В статье Александра Зумпфа подчеркивается, что водораздел в царской империи проходил не только по этническим и религиозным границам, но и по социальной принадлежности. Значимость такой социальной группы, как инвалиды войны, равно как и беженцев{19}, в ходе войны неуклонно возрастала. Для России уход за ранеными солдатами представлял собой серьезную проблему транспортного и управленческого порядка. Кроме того, появление инвалидов обременило систему социального обеспечения, в связи с чем все больше экспертов — хирургов, психологов, сотрудников различных министерств — предлагали свои способы классификации раненых. Это имело решающие последствия для самих пострадавших. От присуждения увечному солдату определенной категории инвалидности зависело место, отводившееся ему в социальной иерархии военных лет, а также то, вернут ли его на фронт, или ему придется пройти профессиональную переподготовку, или же ему причитаются государственные социальные пособия.

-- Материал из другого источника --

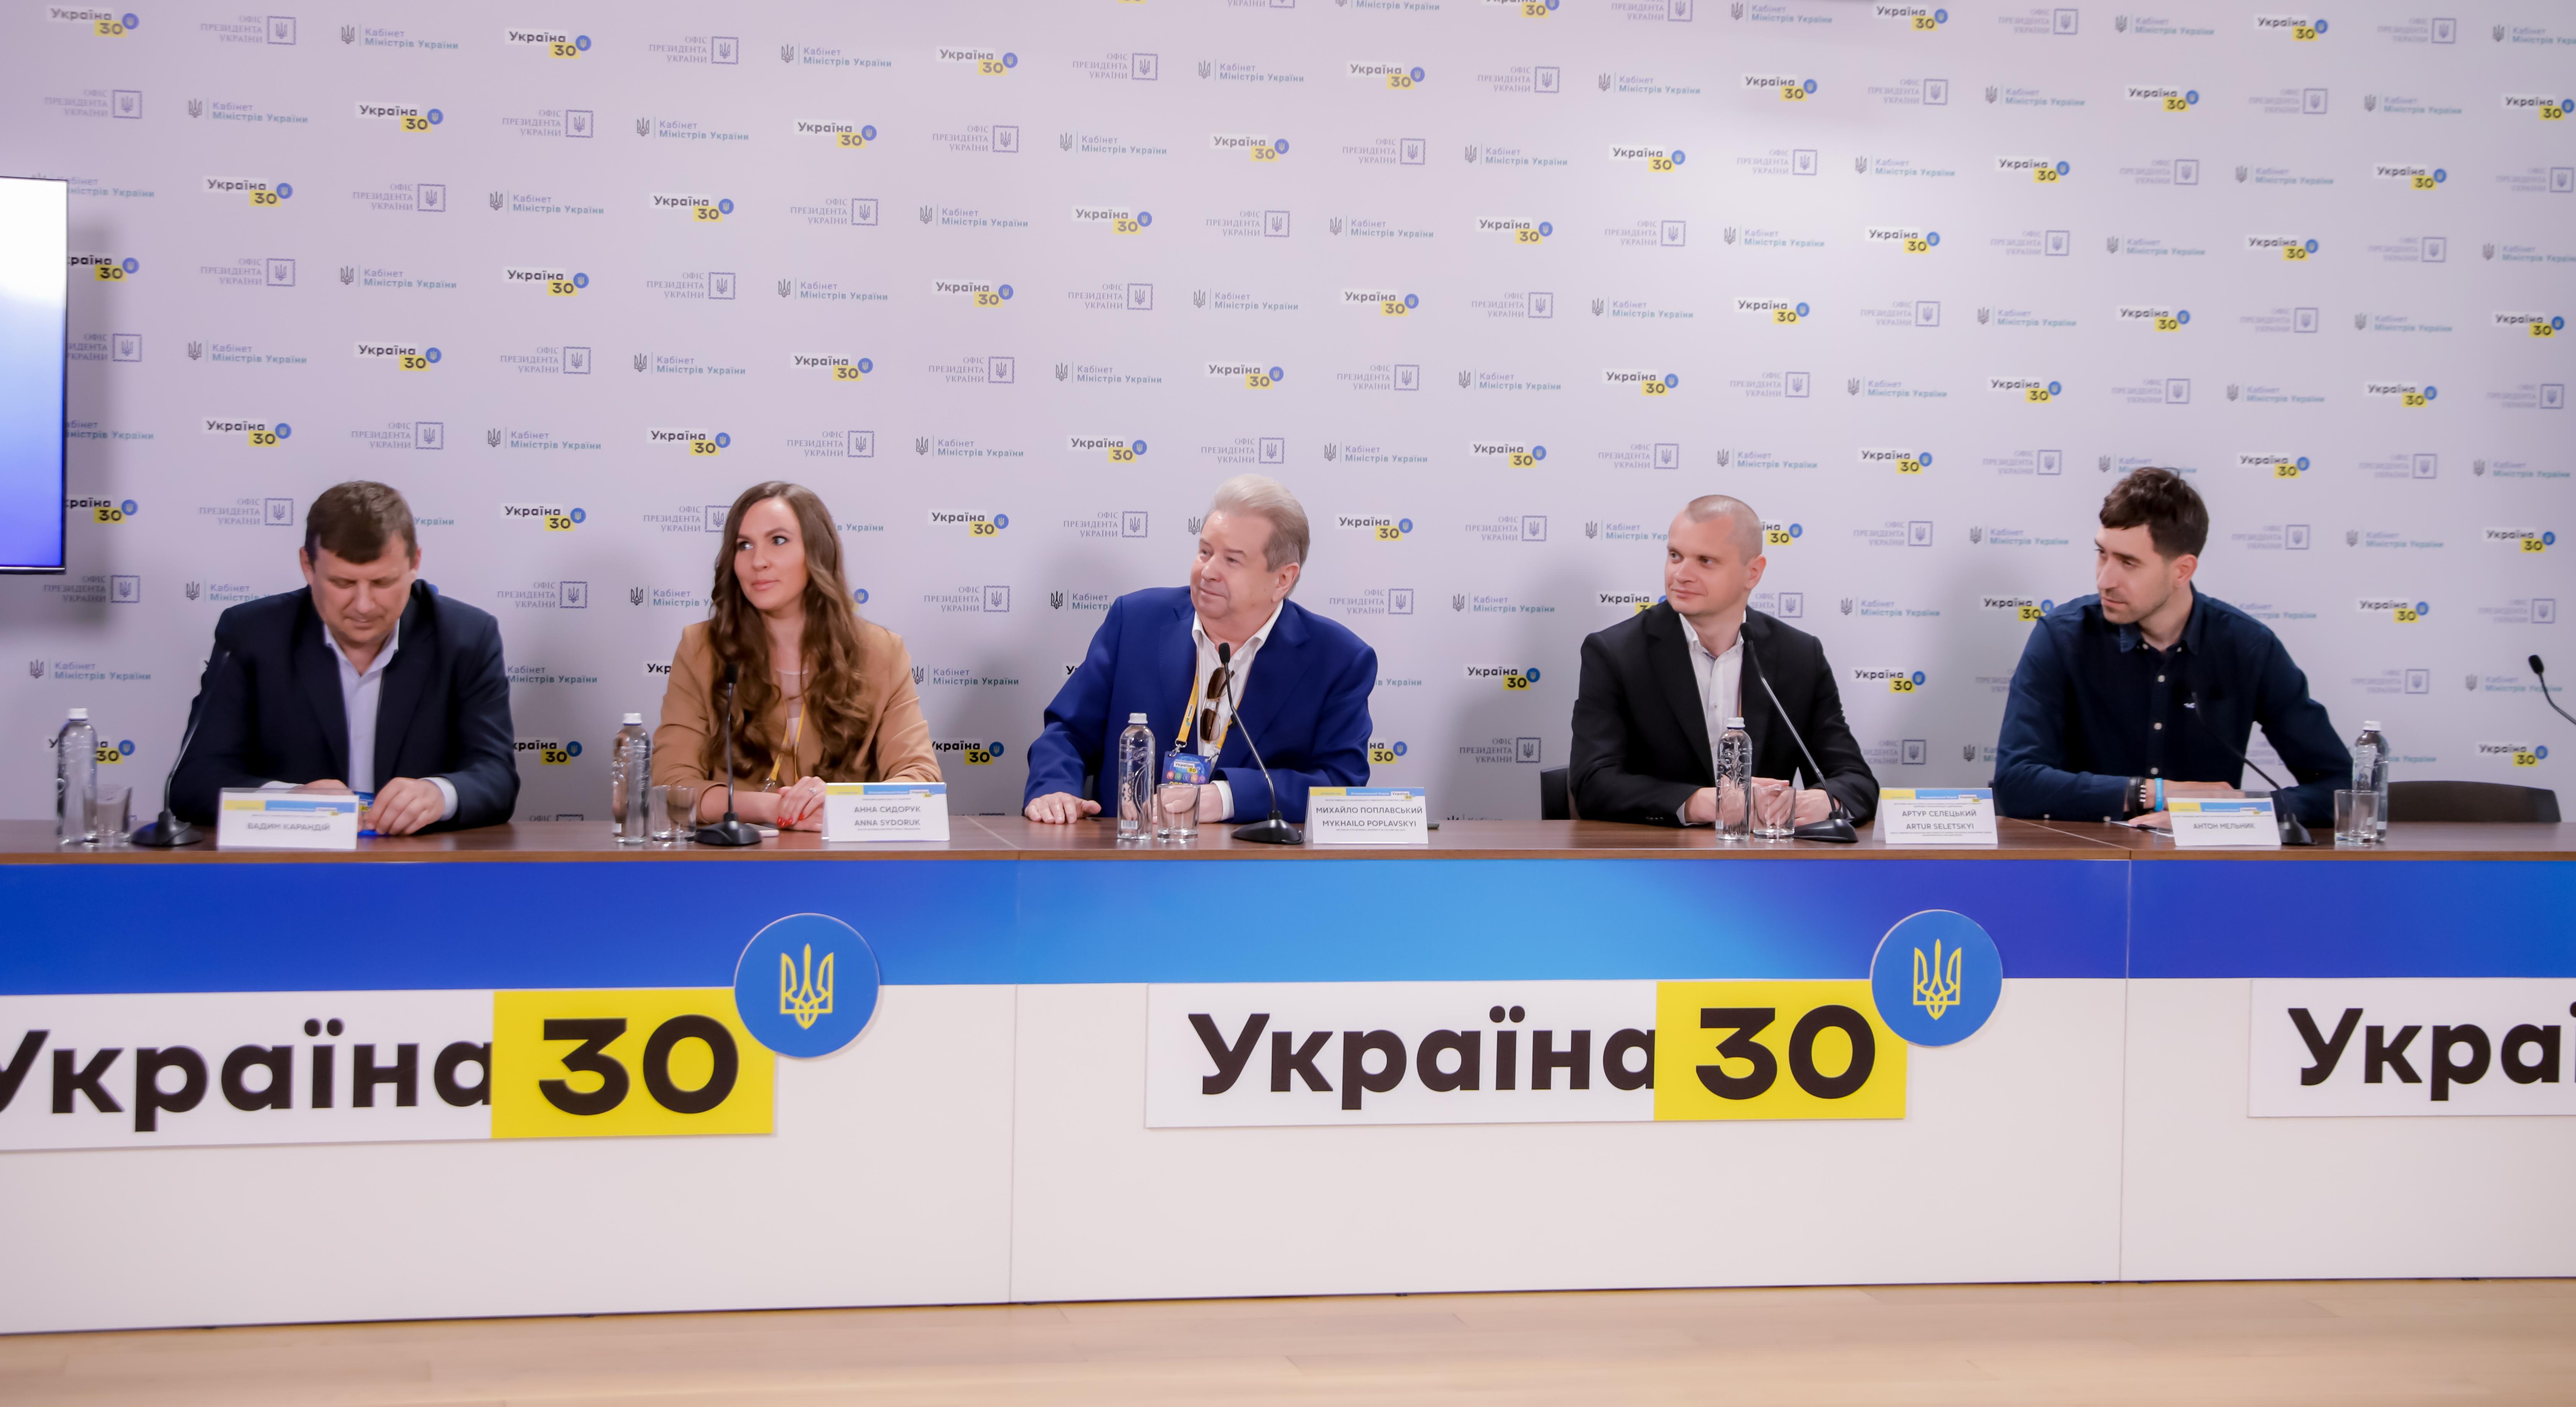 Михайло Поплавський виступив спікером на Всеукраїнському форумі Україна 30. Освіта і наука

В статьях этого раздела можно также увидеть, что классификацию общества нельзя было считать всего лишь однонаправленной операцией «подсчета, сортировки и уничтожения» (Holquist){20}. Социальная классификация также могла способствовать формированию группового самосознания. Подчас политические игроки того времени пользовались классификационными категориями для того, чтобы публично отстаивать собственные интересы или требовать расширения своих политических прав. И хотя их успехи оставались скромными или же обесценились после прихода к власти большевиков, здесь прослеживалась четкая стратегия. Личный опыт военных лет был осмыслен как коллективный в соответствии с категориями социального порядка и использовался в качестве политического аргумента.